Aos 47 anos, Ana Salinas decidiu colocar a saúde em primeiro lugar e retomar uma paixão antiga, o nado artístico. Hoje, aos 53 e defendendo o Fluminense, ela transformou a modalidade em parte importante da sua rotina e em uma forma de incentivar outras pessoas a acreditarem que nunca é tarde para começar ou recomeçar.

A relação de Ana com o nado artístico, na verdade, vem de antes. Na juventude, foi árbitra da modalidade e chegou a praticar o esporte por um curto período aos 22 anos. Décadas depois, a paixão voltou a ganhar espaço em sua vida, também impulsionada pela filha, que começou a praticar a modalidade aos 12 anos.

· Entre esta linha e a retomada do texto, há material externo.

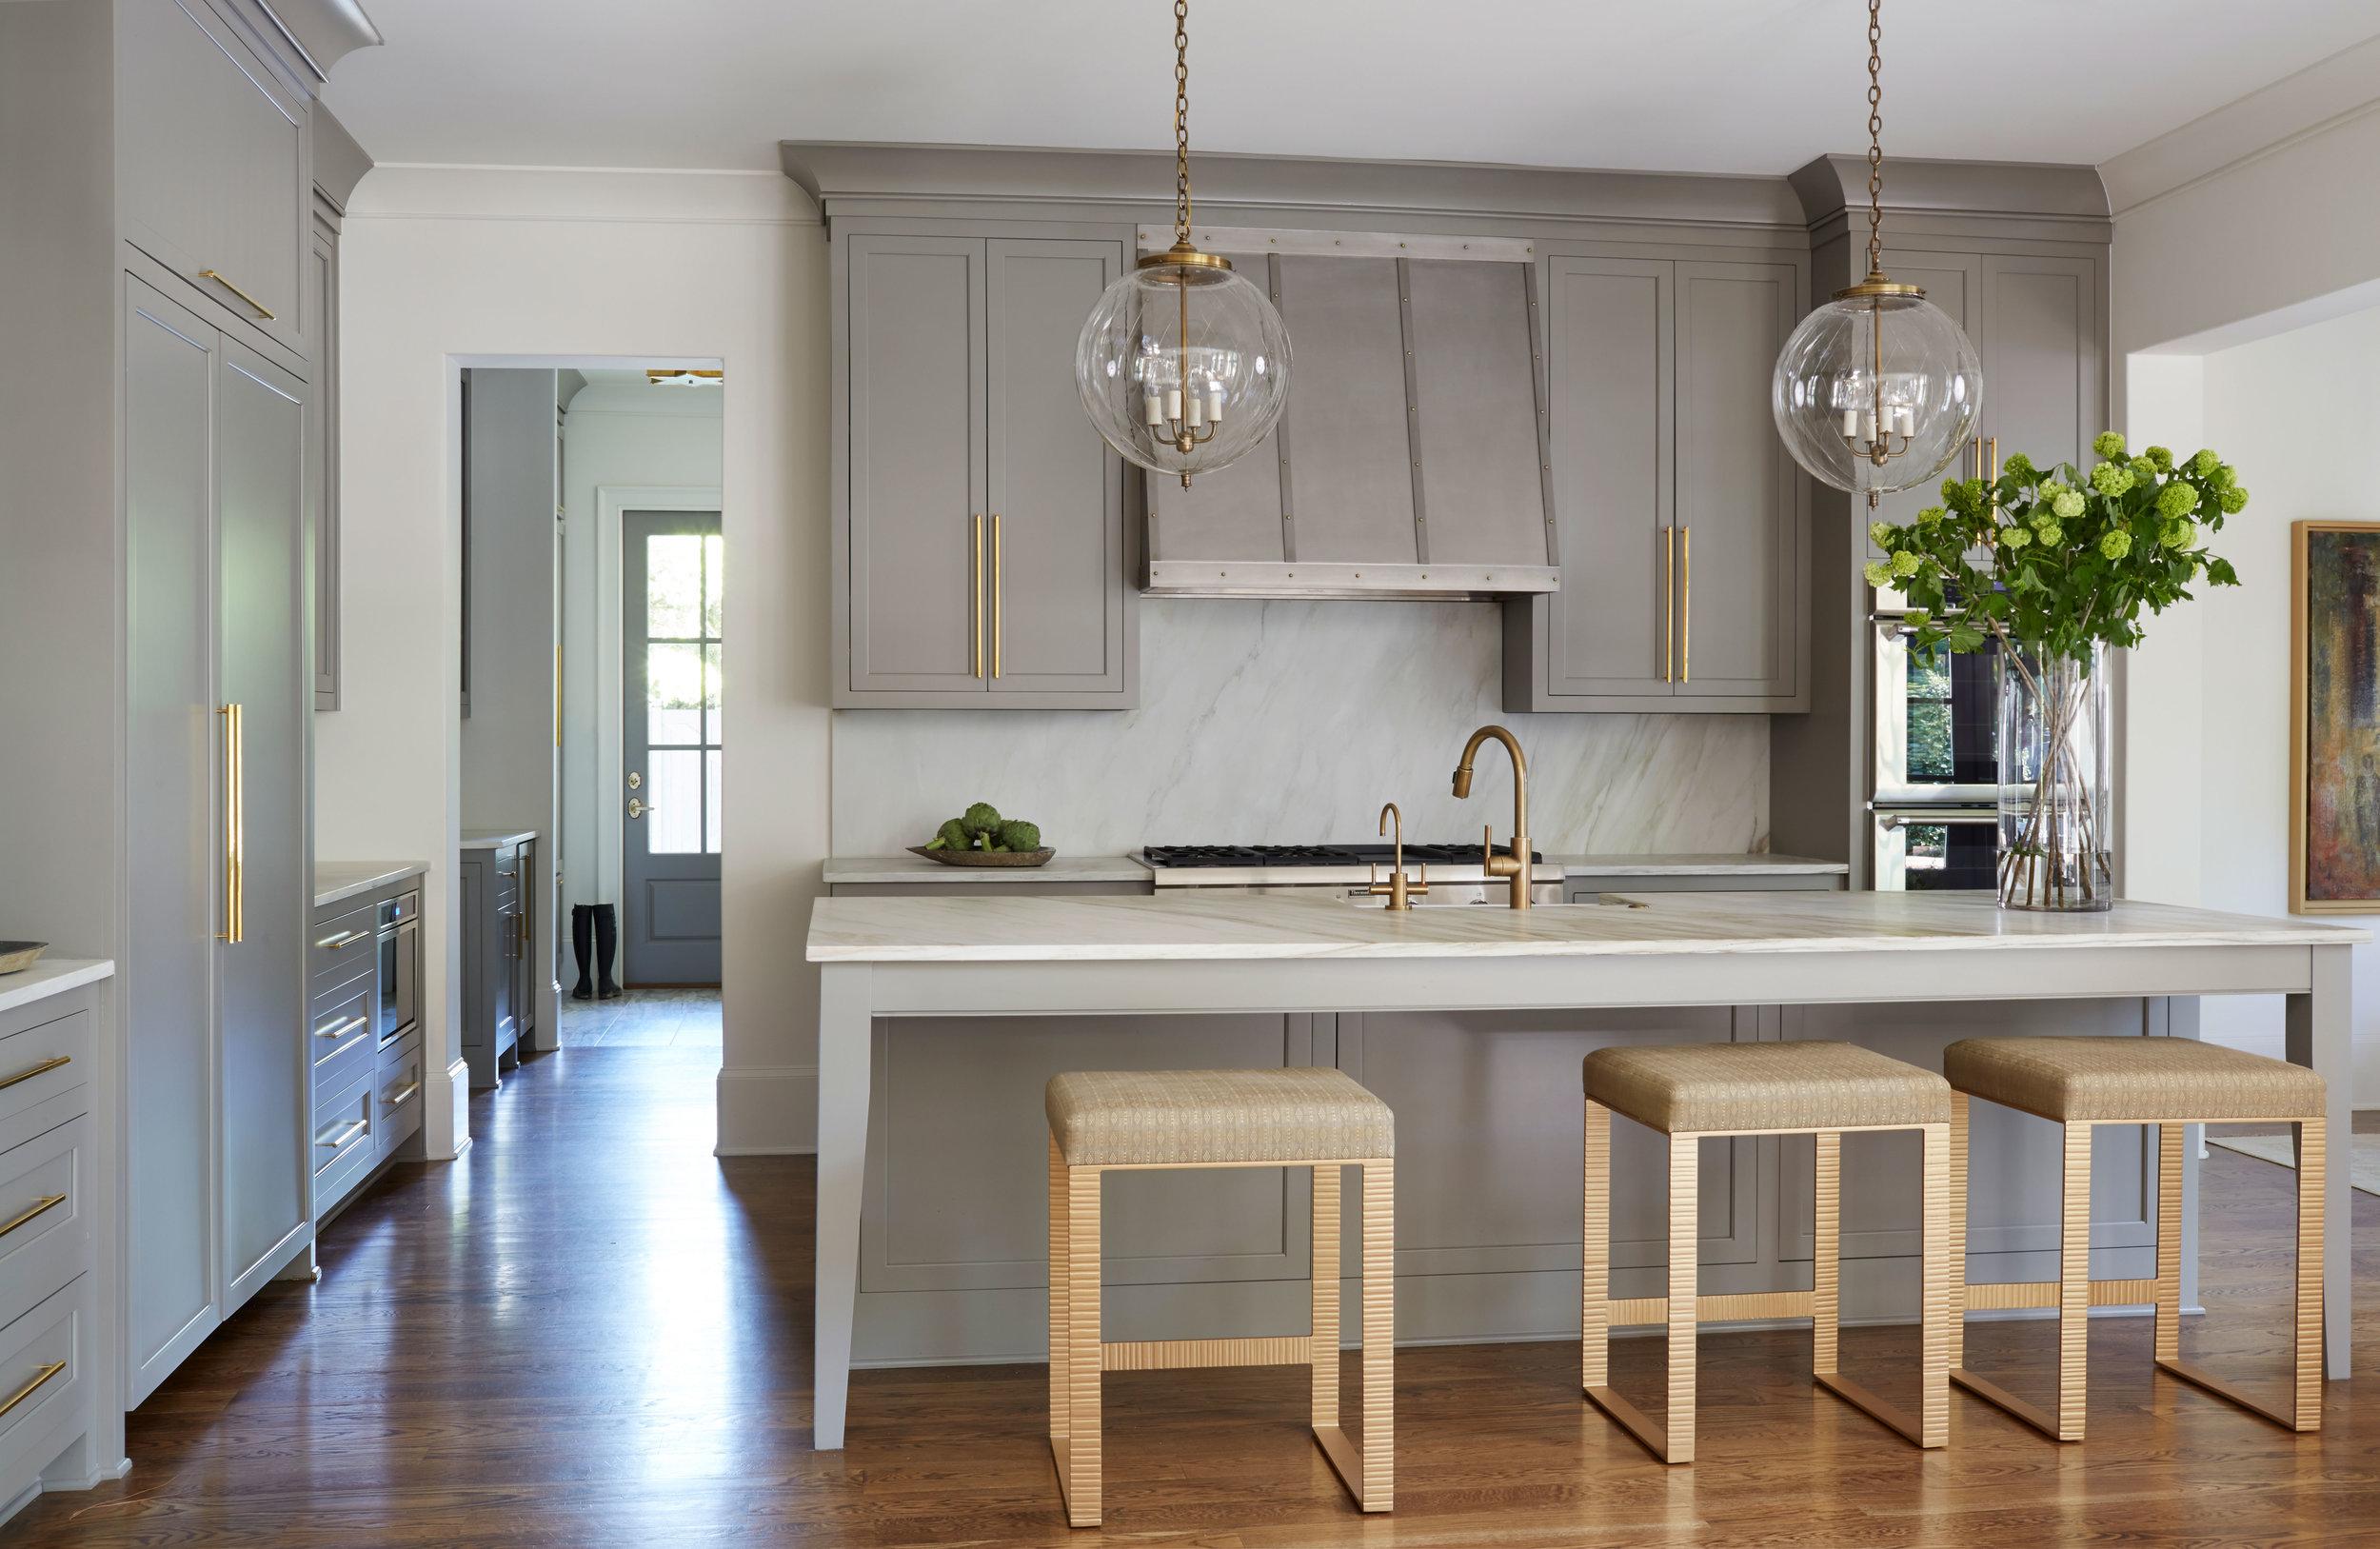 Kitchens5.jpg

O retorno às piscinas trouxe uma mudança de rotina e os primeiros resultados competitivos. Já no primeiro ano de competições, em 2019, Ana conquistou medalhas internacionais. Após o período de interrupção provocado pela pandemia, retomou os treinos e, em 2026, passou a defender a equipe master do Fluminense.

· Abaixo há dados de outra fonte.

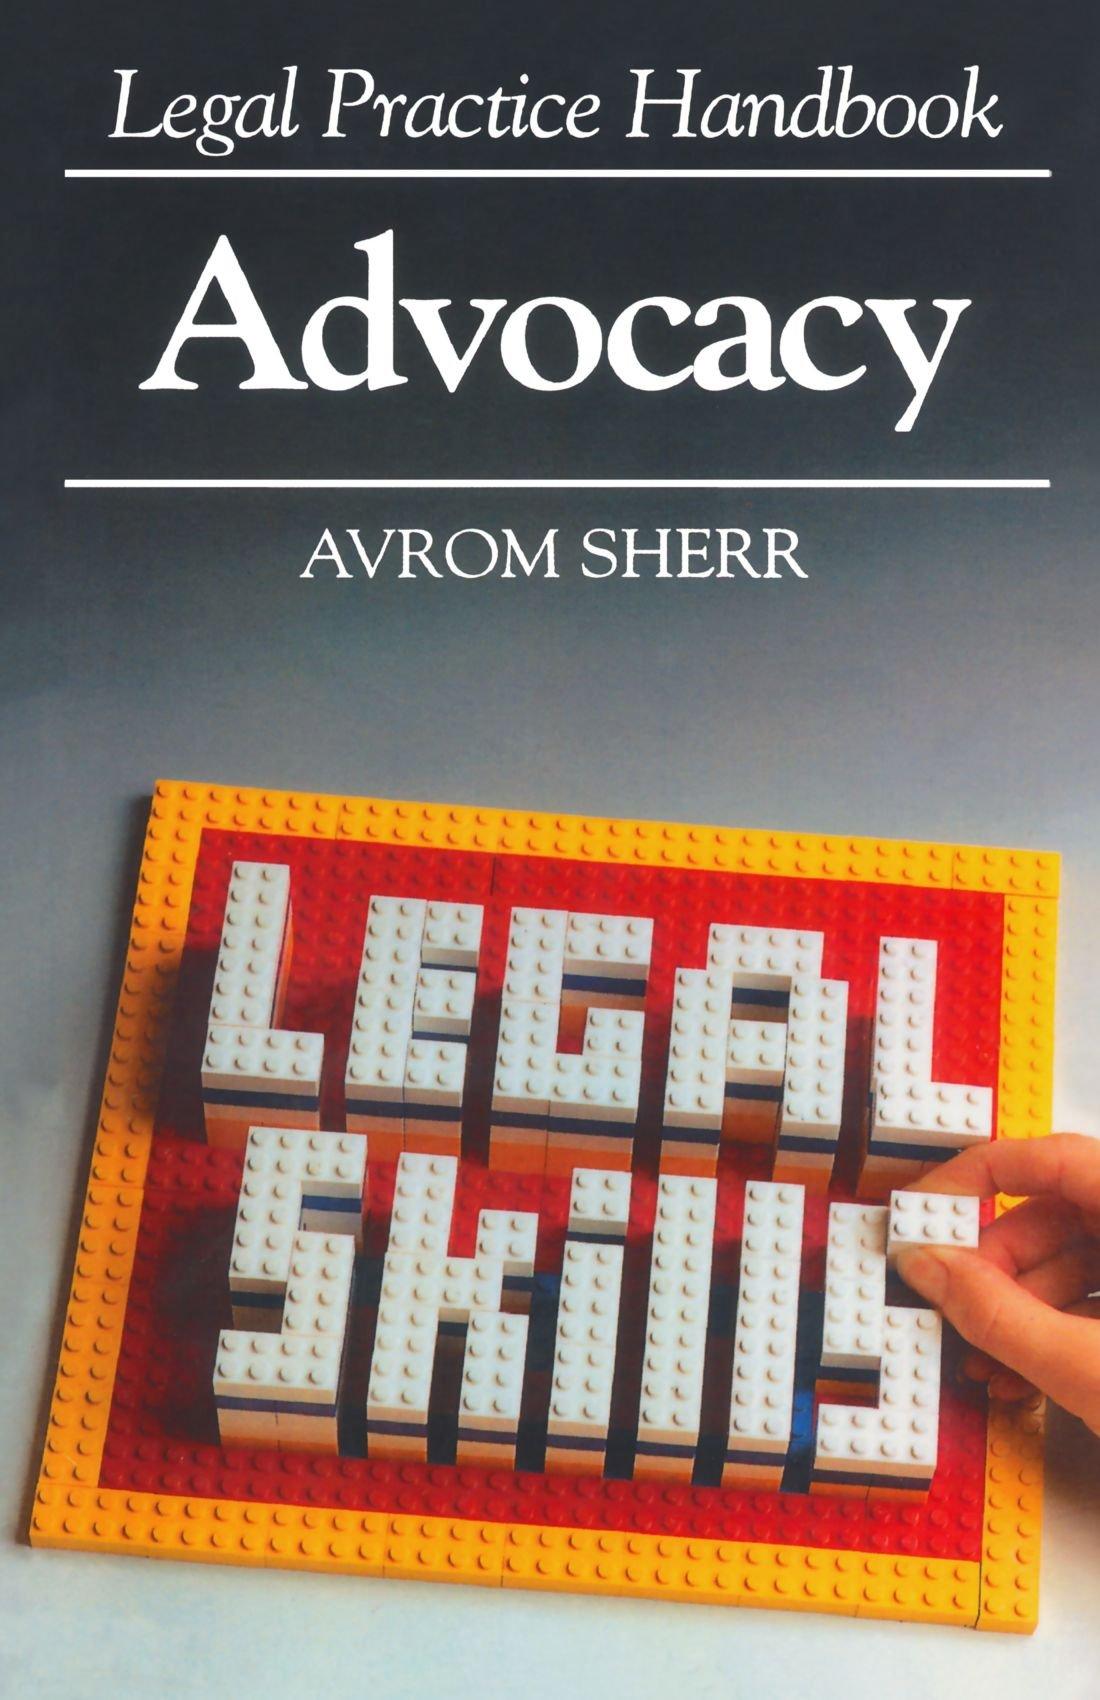 Advocacy (Legal Practice Handbooks) ebook

Representando o clube, Ana conquistou duas medalhas de ouro no Campeonato Sul-Americano Master de Nado Artístico, uma no Solo Técnico e outra no Dueto Misto Técnico, ao lado de Edison Fortunato.

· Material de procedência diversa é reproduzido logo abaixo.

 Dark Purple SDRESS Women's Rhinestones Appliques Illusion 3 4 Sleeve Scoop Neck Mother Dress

Além dos resultados, é fora do pódio que Ana encontra uma das principais razões para continuar. O nado artístico passou a representar saúde, bem-estar e qualidade de vida em uma fase marcada também pela menopausa. A modalidade exige força, resistência, coordenação, memória e controle da respiração, e a prática esportiva tornou-se uma aliada para manter o corpo e a mente ativos.

A história dentro das piscinas se soma a uma trajetória profissional já consolidada. Formada em Desenho Industrial, Ana é reconhecida internacionalmente pela confeitaria artística. Empresária e professora, tornou-se referência no segmento, ministra cursos e já levou seu trabalho para diferentes países. Entre os trabalhos realizados ao longo da carreira está até um bolo produzido para o aniversário da cantora Anitta.

Agora, é no esporte que Ana também busca deixar uma mensagem. Ao conciliar uma carreira consolidada com treinos e competições, ela quer incentivar principalmente quem acredita que a idade pode ser um impedimento para experimentar algo novo.

Mais do que os resultados conquistados nas piscinas, sua trajetória mostra que começar de novo não precisa estar ligado a uma determinada idade. Para Ana, o esporte master se tornou justamente a oportunidade de descobrir novos desafios e continuar construindo conquistas depois dos 50.